[new model] Add Zyphra/ZAYA1-8B by JJJYmmm · Pull Request #45862 · huggingface/transformers

JJJYmmm · 2026-05-09T12:22:30Z

Zyphra recently released ZAYA1-VL-8B, which has a small number of active parameters and looks like a nice fit here.

Since ZAYA1-VL depends on the text-only ZAYA1-8B backbone, which has not been merged yet, this PR adds support for the text-only ZAYA1 backbone first. I can follow up with the VL model in a separate PR if preferred. 😃

I also noticed that #42669 worked on a similar integration. This PR updates the implementation to better fit the current v5 codebase, including a cleaner CCA cache design and other code cleanups. I also checked the numerical outputs against Zyphra's implementation: https://github.com/Zyphra/transformers/tree/zaya1 cc @nanduruganesh

Tests:

RUN_SLOW=1 python -m pytest tests/models/zaya/test_modeling_zaya.py -q

vasqu

The model is a bit more complicated so please let me know if certain stuff is unclear I tried to nudge towards a better structure. The main points are

The CCA module is way too complicated for what it essentially tries, I tried to simplify a bit
The split into layers is unnecessary, they should be one decoder layer with mlp and attn; this also fixes the residuals paths
Modular can be used a lot more; the current code relies on a lot of v4 specific things / remote code but we actually don't need a lot of those
The cache is somewhat natively integrated within the hybrid layer type
RoPE can have its own layer types (see dsv4); it seems to me that we actually don't use SWA at all but it was used as workaround which is bad

It is super detailed this time, lmk if you would like a less detailed one next time. I'm usually inclined to go full force but some don't like that :D

vasqu · 2026-05-11T19:10:29Z

+                if output_attentions:
+                    all_self_attns += (layer_outputs[1],)
+
+        hidden_states, residual = _apply_residual_scaling(hidden_states, residual, self.res_scale, self.final_norm)


seeing the order of those residual I feel like the order is just messed up as we split the layer types

You want attn -> residual -> mlp -> residual but because of the implementation you have skip first residual -> attn -> residual -> mlp -> residual which could be fixed if we just fuse properly into the one decoder layer with 2 residuals each time

still not resolved 😉

ops, i forgot about this. now i shift the res_scale by one layer earlier, so we can avoid the residual between layers! 🫡

nanduruganesh · 2026-05-11T21:24:48Z

Thank you very much for the rebase and cleanups! About the interleaved sliding window / rope theta confusion, these configs are in place for the ZAYA1-74B-preview model which also uses this branch but has 4k-SWA / 10k rope base every other layer.

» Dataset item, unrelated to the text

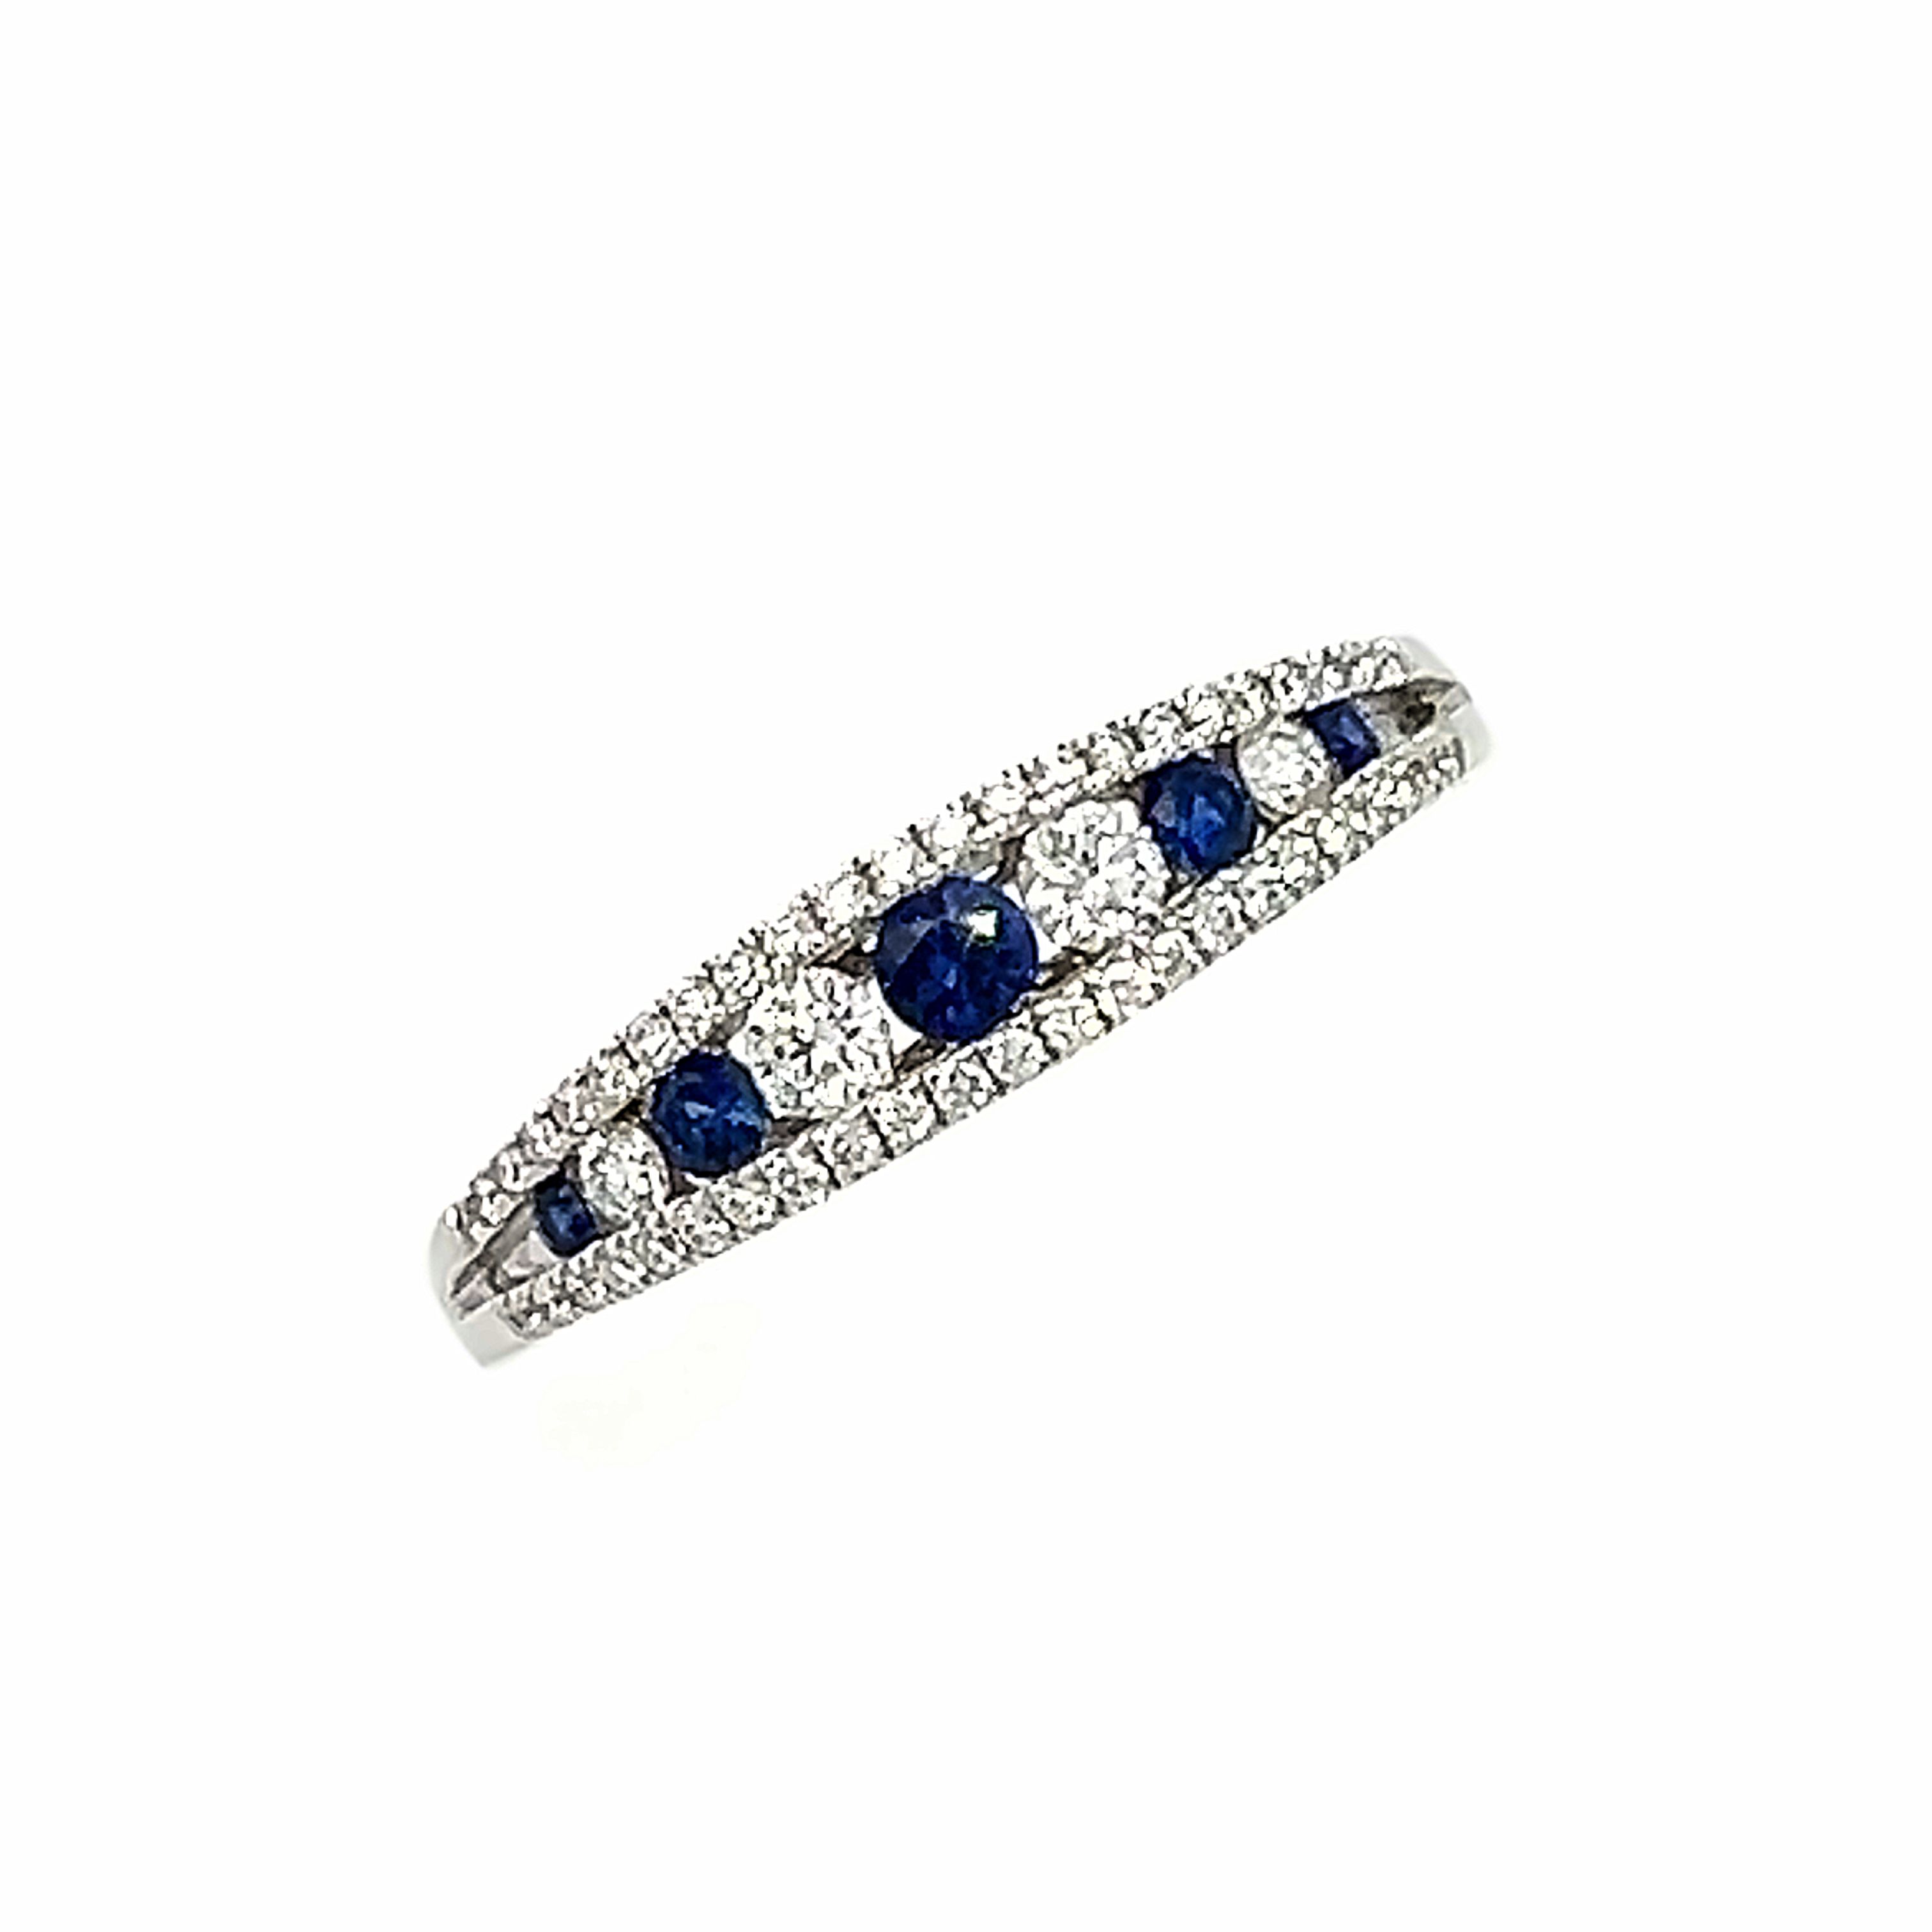 A Sapphire and Diamond Ring in 18 Carat White Gold
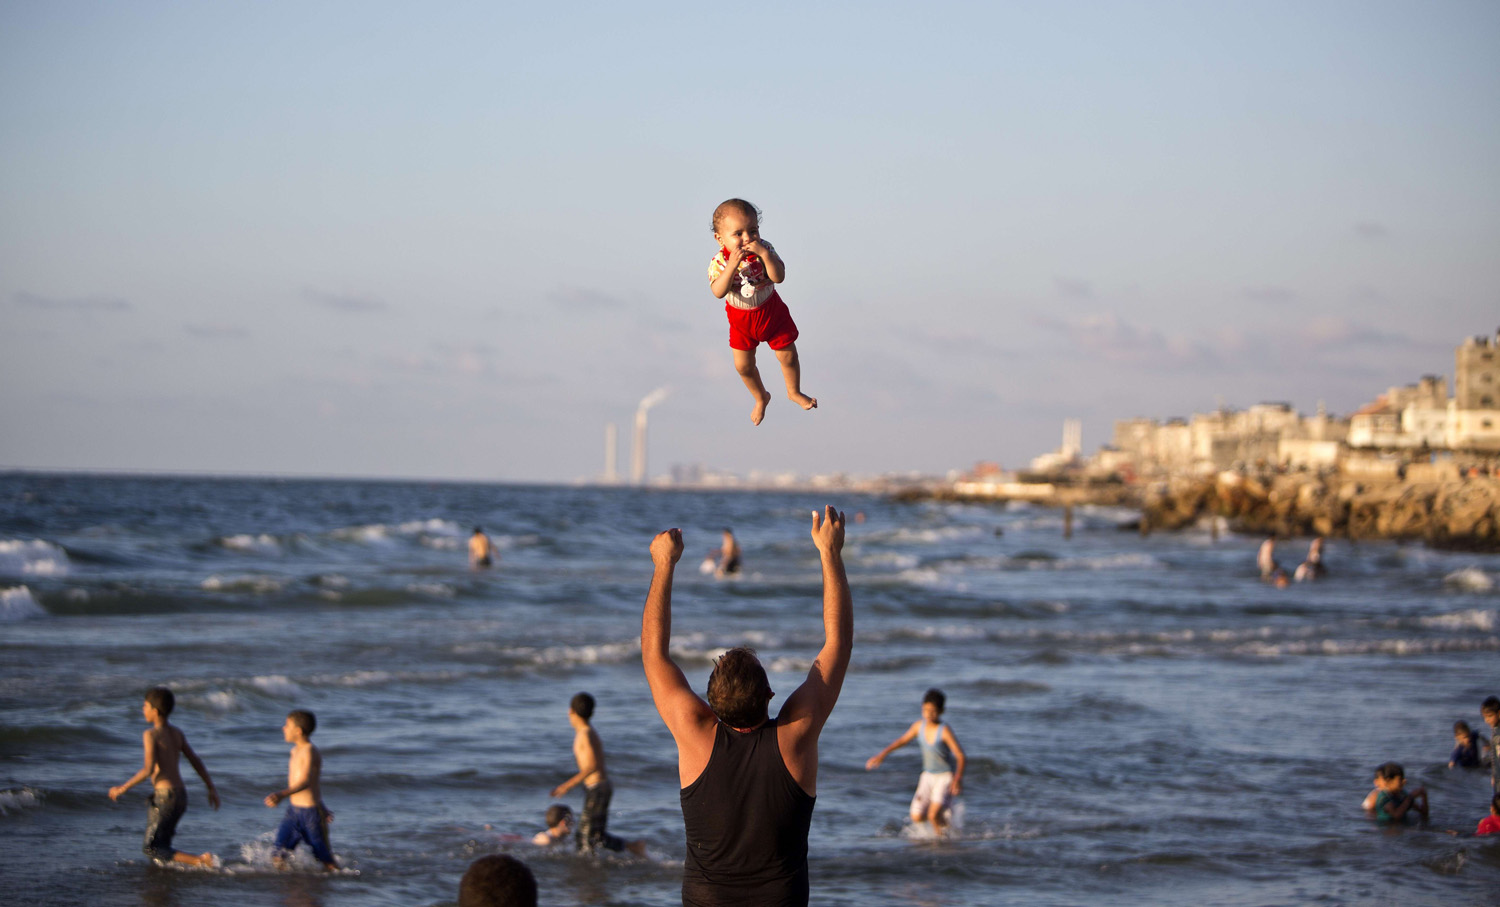 A Palestinian man plays with his baby on a beach on Sept.7, 2014 in Gaza city.

All of @vasqu's suggestions sound good to me, and another user has found additional fixes to support GRPO trainer on this branch (PR). @JJJYmmm would you be able to integrate all the changes into your branch? Thanks again for this PR.

but need to construct cache from _make_zaya_cache

HuggingFaceDocBuilderDev · 2026-05-12T11:57:49Z

The docs for this PR live here. All of your documentation changes will be reflected on that endpoint. The docs are available until 30 days after the last update.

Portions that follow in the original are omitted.